When Athena's done with those, she moves on to summaries of Overwatch activity. The three-man team of Zenyatta, Reinhardt, and Mei-Ling saw great success in their mission of apprehending a terrorist cell in Germany. The German government, in thanks, has pledged funding and support to the recalled Overwatch. That could mean reopening of a Germany base. Reinhardt would love that, Hana knows.

No news on Ana and Jack, undercover in China. As for those stuck at Gibraltar, daily team exercises are ongoing. New missions will be discussed when the three return from Germany.

Hana's almost done making the bed when Athena shifts to the news. She's only half-listening, until a certain phrase fixes its claws in her and refuses to let go.

"...over one-hundred-and-twenty confirmed civilian casualties in an attack in Moscow. Authorities have placed responsibility for the series of explosions on self-destructing omnics—"

Her breath catches again. The sheets wrinkle under her hands. Blood splatters over and over again onto the cockpit. Fire roars outside. Lúcio's music blends into a strangled yell and the sound of an explosion. She sits inside, all safe, so safe.

"—unknown, but further investigations are pending. Katya Volskaya released a message to the people of Russia urging strength and unity alongside the president's address. Volskaya Industries' newest Svyatogor models are expected to see completion before the end—"

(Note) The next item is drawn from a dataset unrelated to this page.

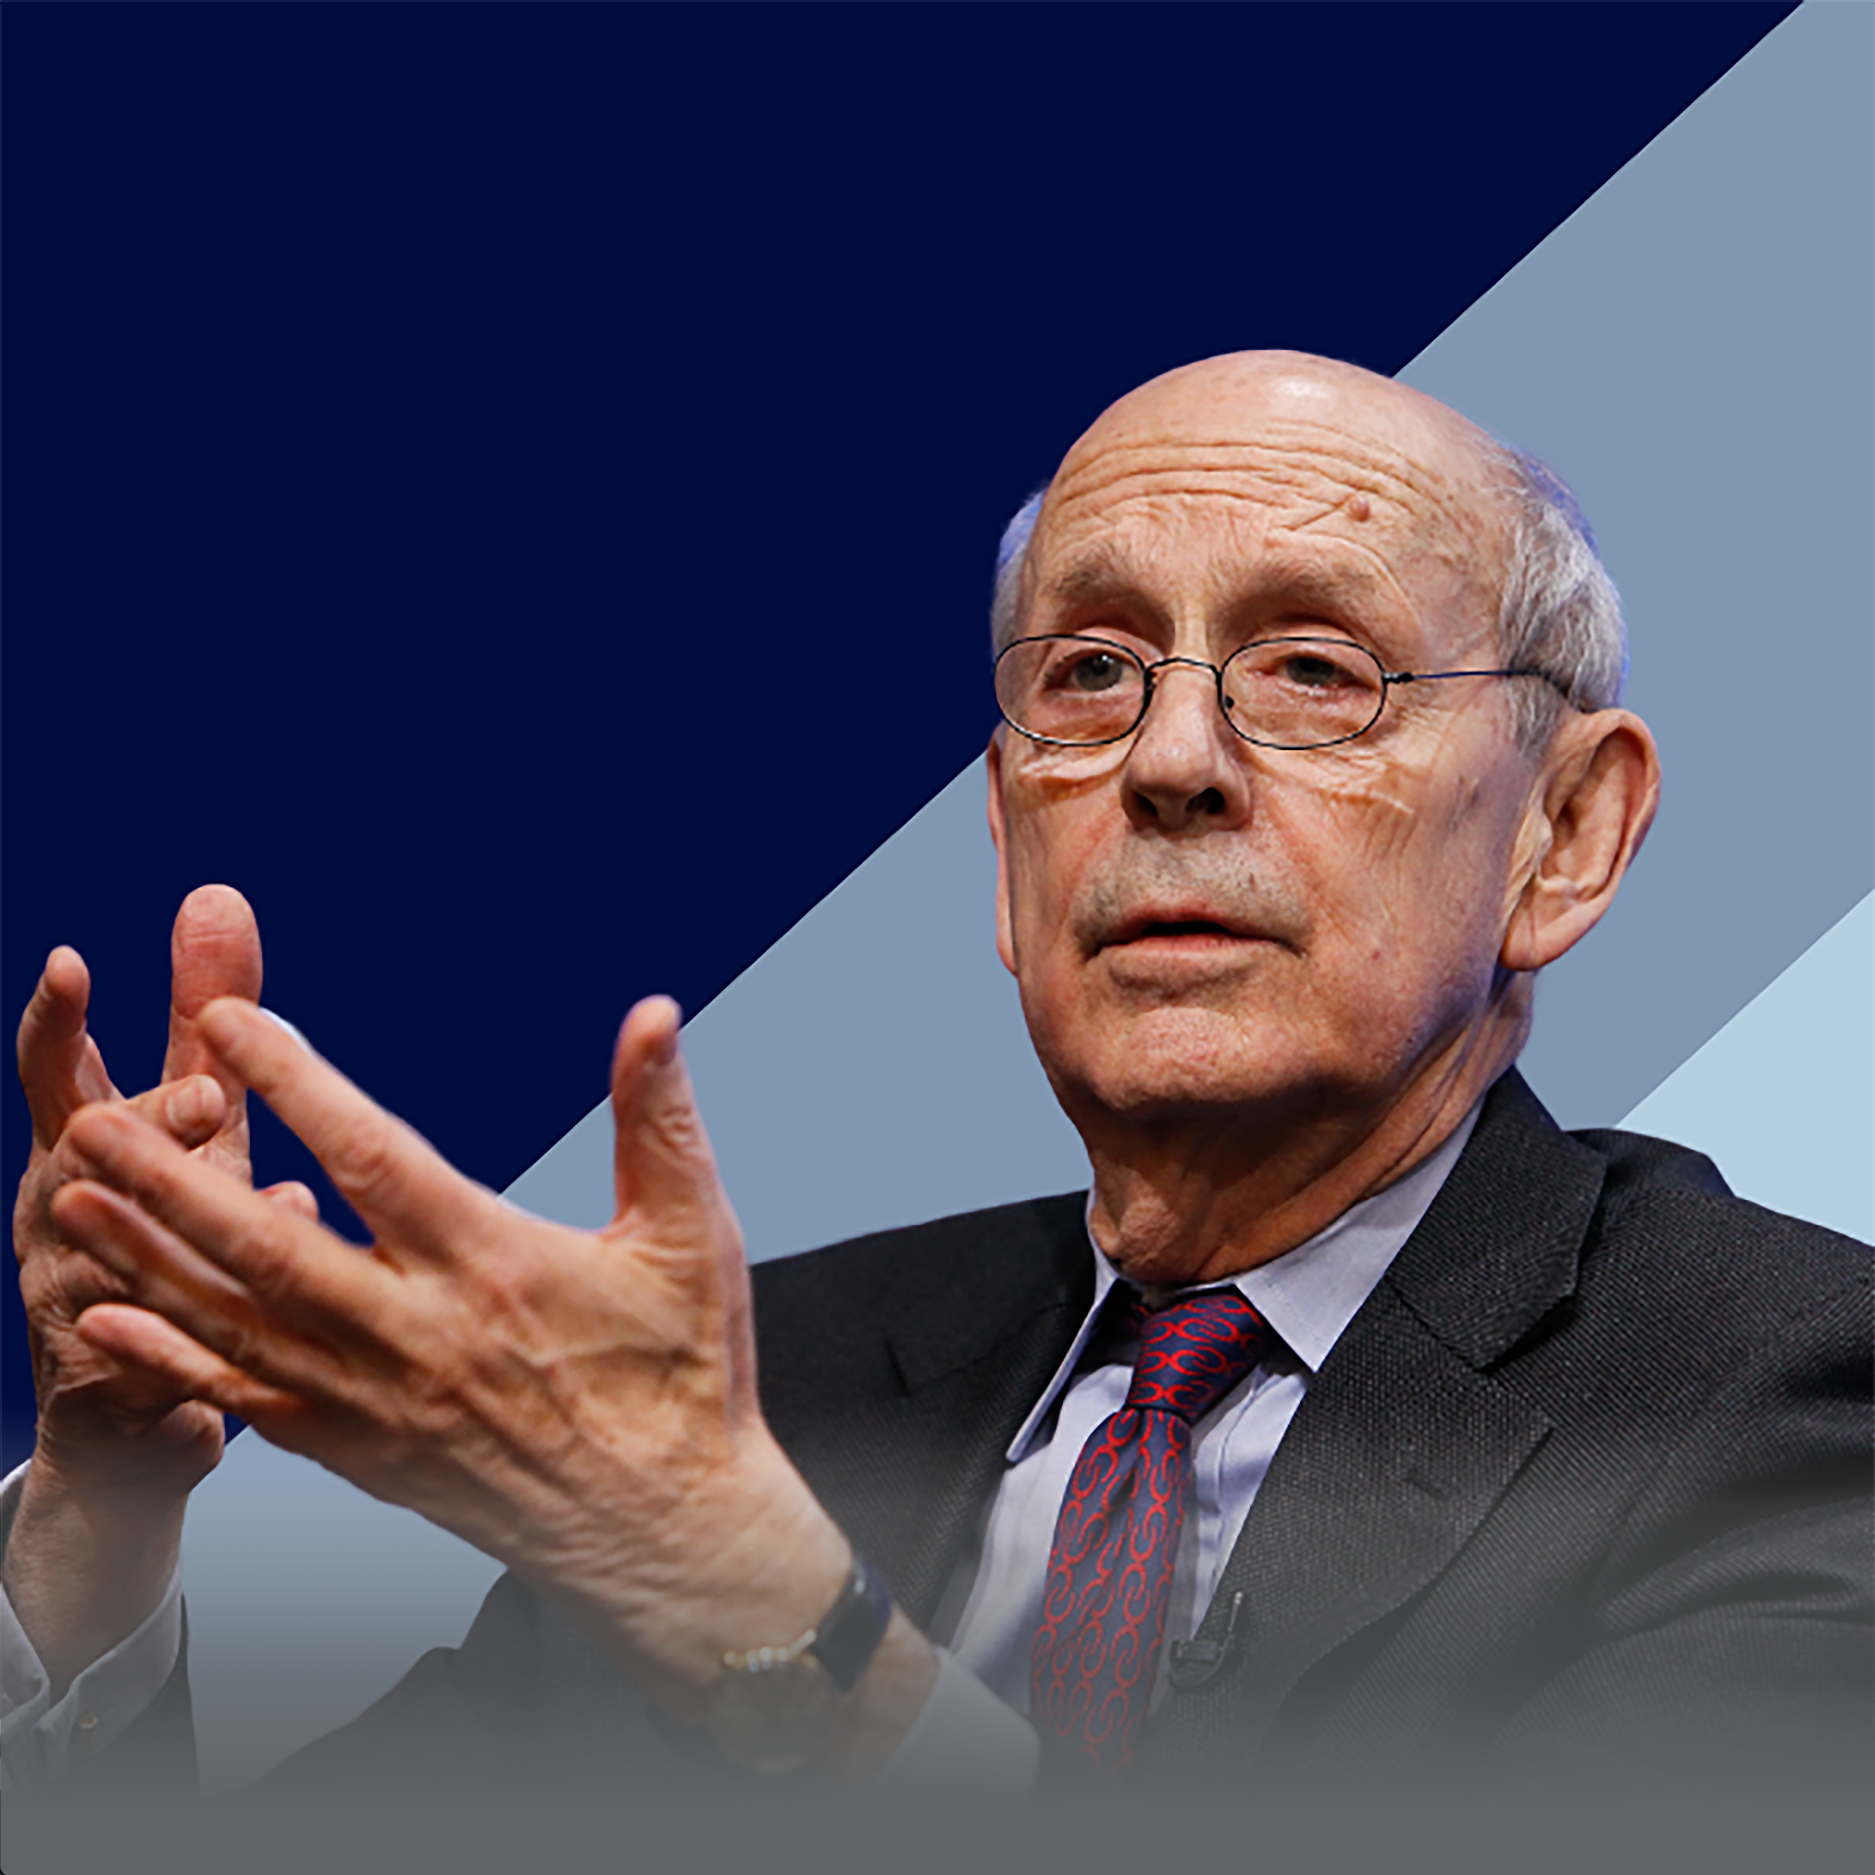   Sandeep Vaheesan , our legal director, wrote a fiery exposé in   Balls and Strikes   of how Supreme Court Justice Stephen Breyer has played a key role in the rise of monopoly and oligopoly across the economy.

"Stop it!" she bursts out. "Just be quiet!"

The immediate silence is deafening. Athena says nothing. Hana stands and breathes, shaking. It's the same in Russia. There will be pilots in their mechs, depending on technology to save them. Some of them will die, and some of them will live, only luck determining who's who.

A few long moments later, Athena breaks the silence.

"Agent Song," she says gently, "your vitals."

Hana resents it.

She rubs a hand across her no-longer-damp face, glares at her water bottle for being empty, and stares out the window at the strait. She slowly calms, though peace evades her this time. In its place is just a sinking feeling.

"I think I'll just finish the debrief later." The shaking undoubtedly undermines the nonchalance in her voice.

"Of course." Athena's logo blinks once and the screen goes dark.

She listens to over-loud pop music while she gets dressed, sending mental apologies to her neighbors, though Fareeha and Lena are both almost certainly up at this hour anyway. The tactic almost works to drown out her thoughts.

Almost.

When she's done getting ready, her room is perfect again. Her bed is made, her dirty clothes discarded into the laundry bin, her desk free of food crumbs or wrappings. Instead there are stuffed animals, mainly bunnies. Her own merchandise and that of her sponsors. Posters on the walls advertise various games, along with one featuring Lúcio's beaming face.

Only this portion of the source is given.